OBJECTIVE: Several lines of research in the last decade have indicated the potential utility of retina as a window to the brain. Emerging evidence suggests abnormalities in retinal vascular caliber in schizophrenia. However, the relationship between retinal vascular measures and brain structure has not been examined in schizophrenia to date. Hence, we examined the relationship between retinal vasculature measured using fundus photography and brain structure measured using magnetic resonance imaging. METHOD: We recruited 17 healthy volunteers and 20 patients with schizophrenia. Using a non-mydriatic camera, we captured the images for left and right eyes separately and retinal vascular calibers were calculated using a semi-automated software package. Whole-brain anatomical T1 MPRAGE images were acquired using a 3-Tesla MRI scanner. Whole-brain and regional volume and cortical thickness were calculated using the Freesurfer software package. We used FreeSurfer's QDEC interface to compute vertex-by-vertex for analysis of the volume and cortical thickness. The relation between brain volume, cortical thickness, and retinal vascular caliber was examined using partial correlation and regression analysis. RESULTS: There was a significant negative correlation between average CRVE and global cortical mean thickness in schizophrenia but not in healthy. In schizophrenia patients, there was a significant negative correlation between average CRVE and cortical thickness in frontal regions - left rostral middle frontal, left superior frontal, and right caudal middle frontal gyri and posterior brain regions - left lateral occipital gyrus and left posterior cingulate cortex. DISCUSSION: The findings of the study suggest potential utility of retinal venular diameter as a proxy marker to abnormal neurodevelopment in schizophrenia.

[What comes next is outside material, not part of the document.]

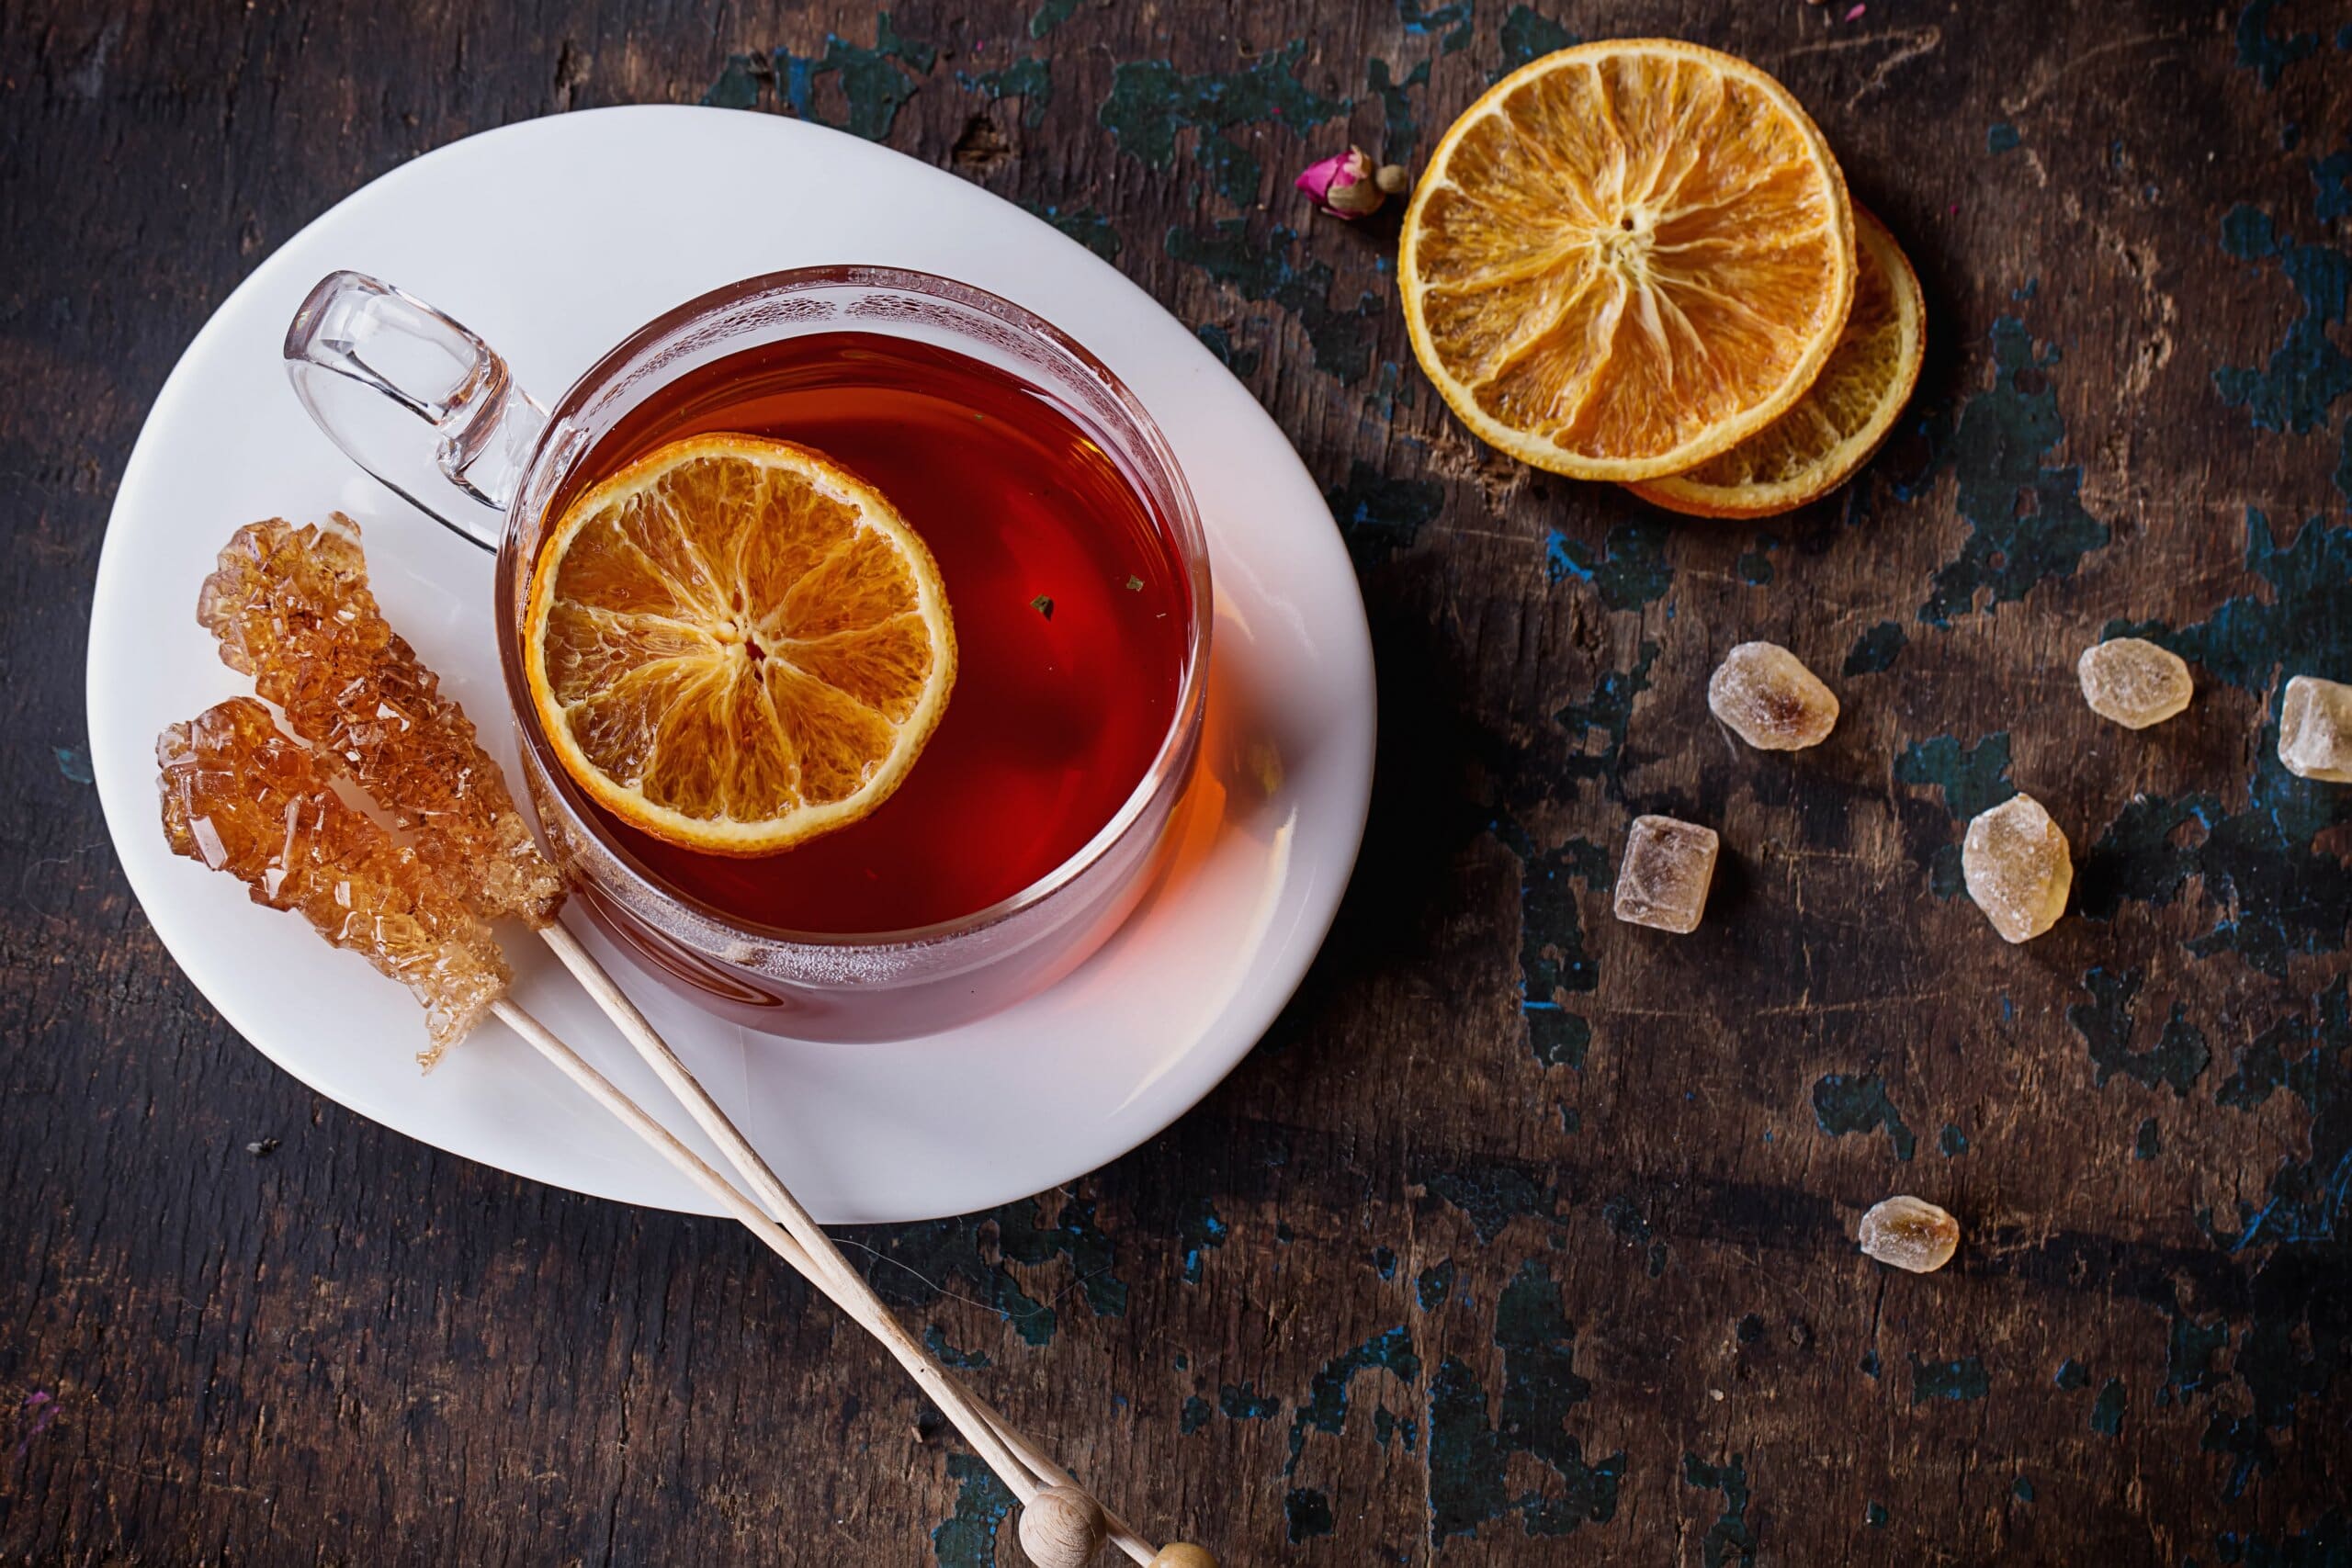 Mug of red bush tea surrounded by dried orange slices and candied sugar sticks on a saucer.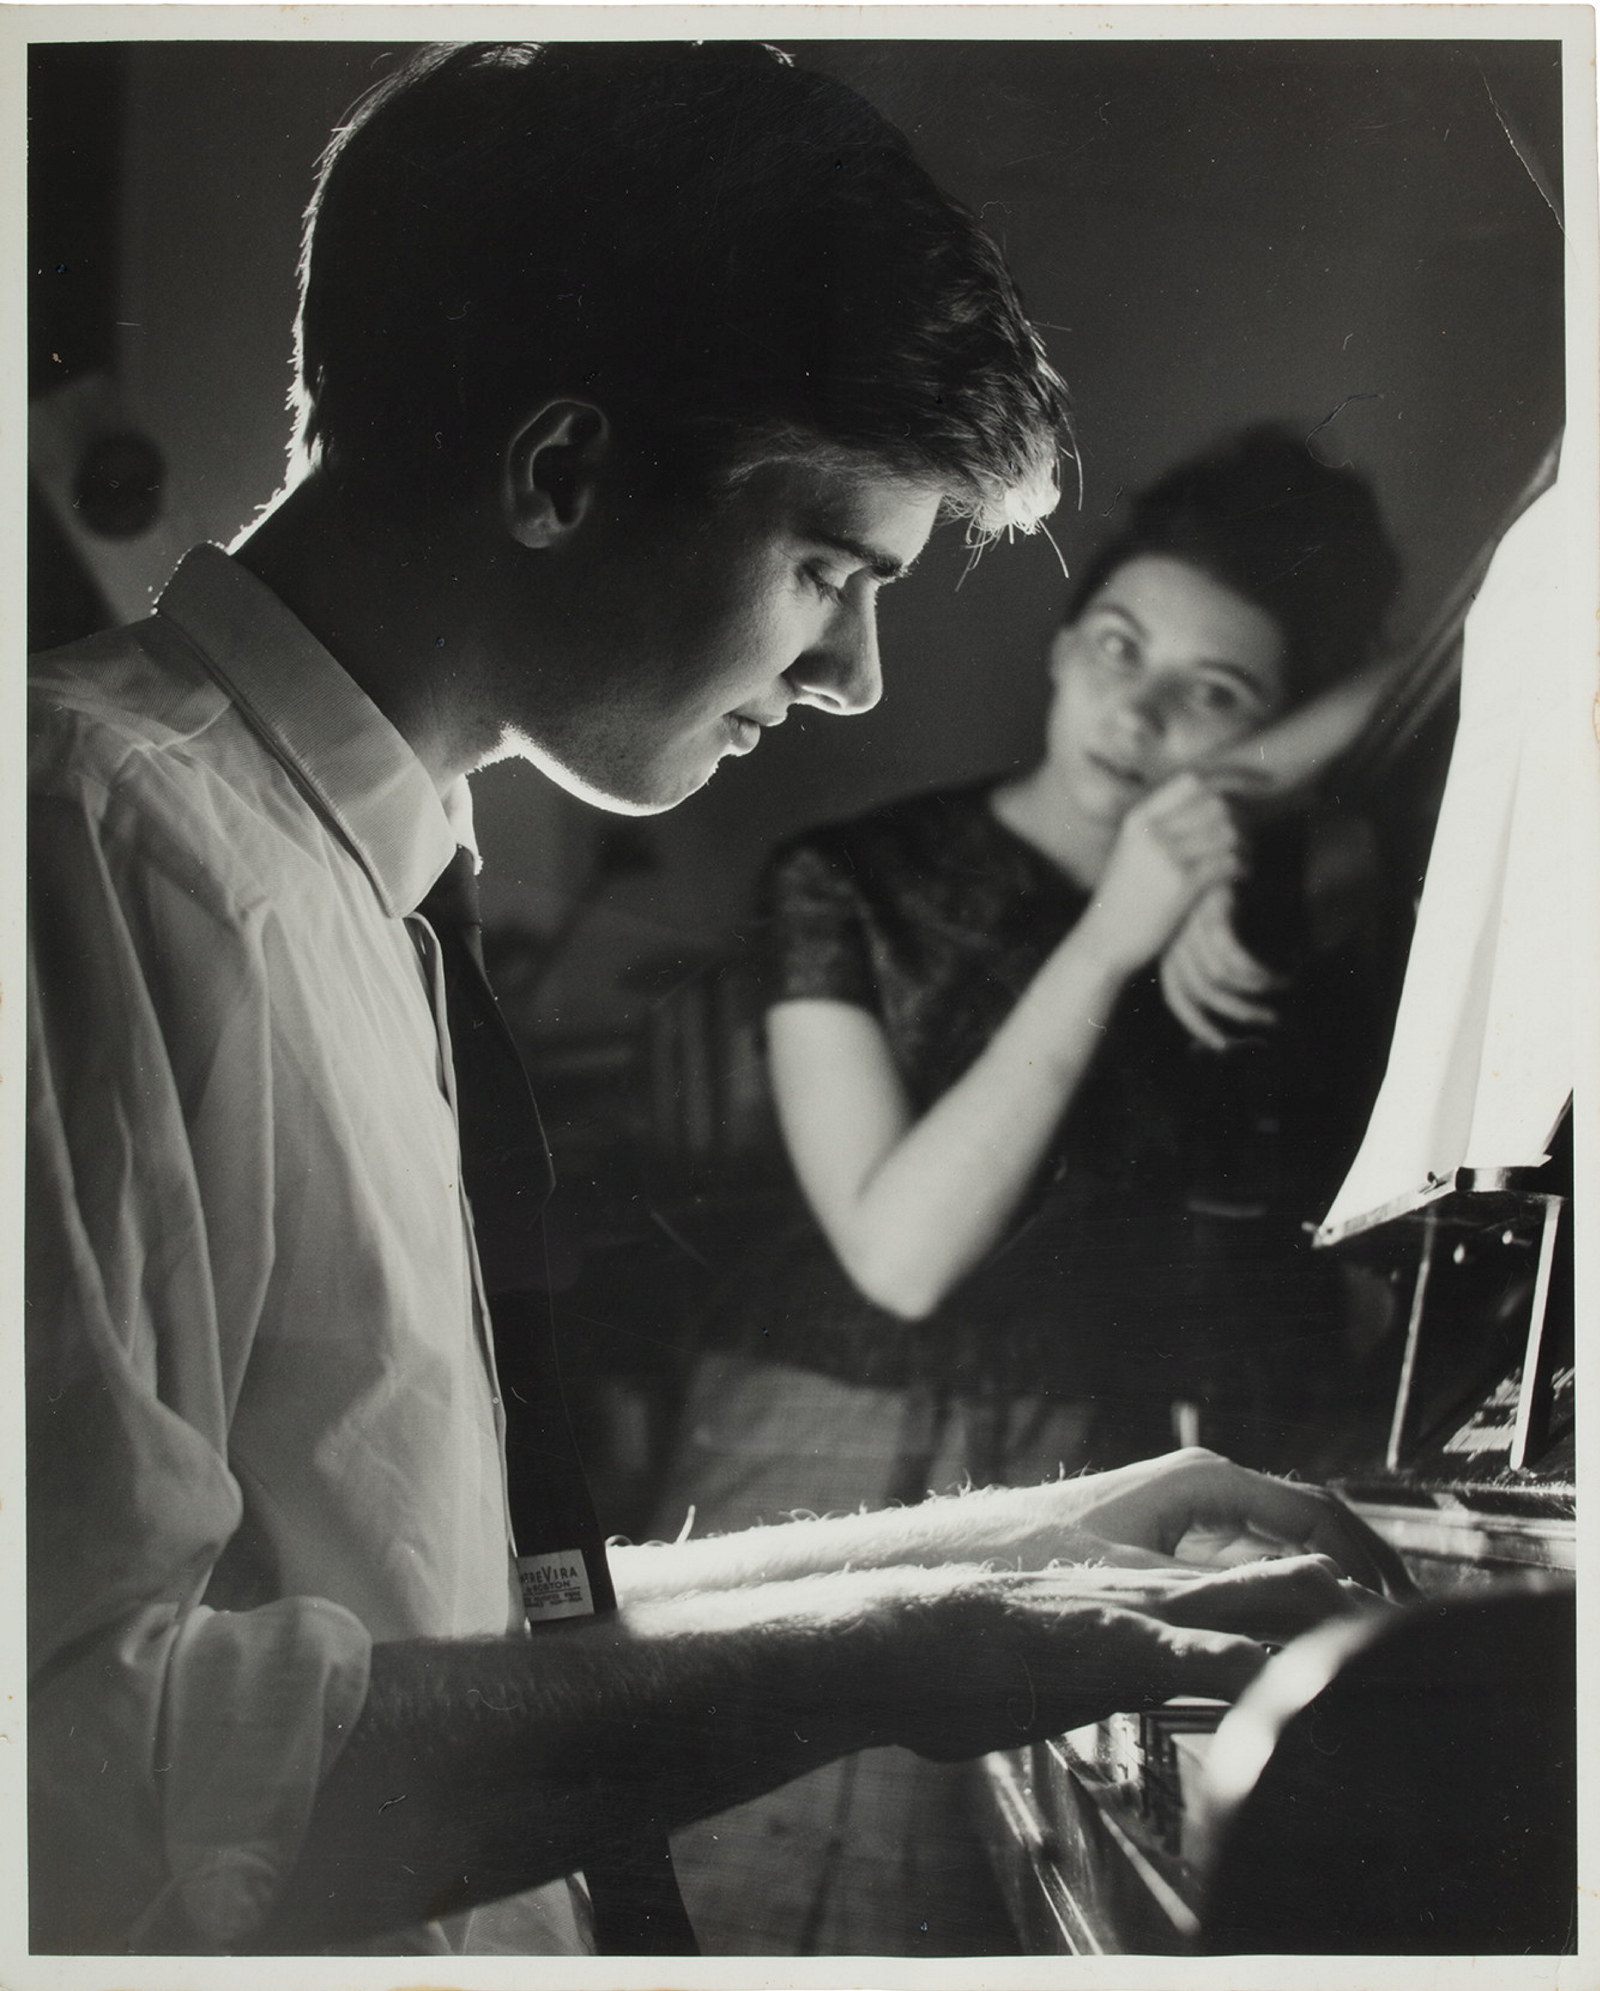 A black and white contemporary photograph of John Terry playing the piano. Caroline Terry (later Caroline Thornton) is shown in the background on right, leaning against the piano.

Cultural differences and neural correlates of cognitive insight in schizophrenia.

Cognitive insight refers to a person's ability to examine their psychotic experiences and the inferences they draw from these experiences. Several studies suggest that cultural factors influence cognitive insight and the processes involved therein; a few studies have suggested differences between Western and Asian societies. However, there are no studies on cognitive insight and its neural correlates in non-Western populations. Hence, we examined factor structure of Beck's cognitive insight scale (BCIS) in a large sample of patients with schizophrenia (SCZ) and healthy volunteers (HV) from India and assessed the relationship between cortical thickness and cognitive insight. We recruited 240 participants (SCZ-140; HV-100). Of these, 58 participants (SCZ-33; HV-25) underwent magnetic resonance imaging. We found a three-factor structure for BCIS which is different from the original two factor structure; self-reflection (SR) of original two-factor structure was sub-divided into- SR1, introspection and SR2, openness to feedback. There was a significant difference between HV and SCZ in the new factors, SR1 and SR2 but not in the original SR factor. Difference was also seen on MRI analysis; while there was a significant positive correlation between original SR factor and thickness of right posterior cingulate cortex, SR2 was positively correlated with thickness of left ventrolateral prefrontal cortex. The difference in factor structure in Indian participants and their distinct neural correlates point to cultural differences in cognitive insight. While in western societies the constructs of introspection and openness to feedback might integrate, they might be separate entities in Asian population.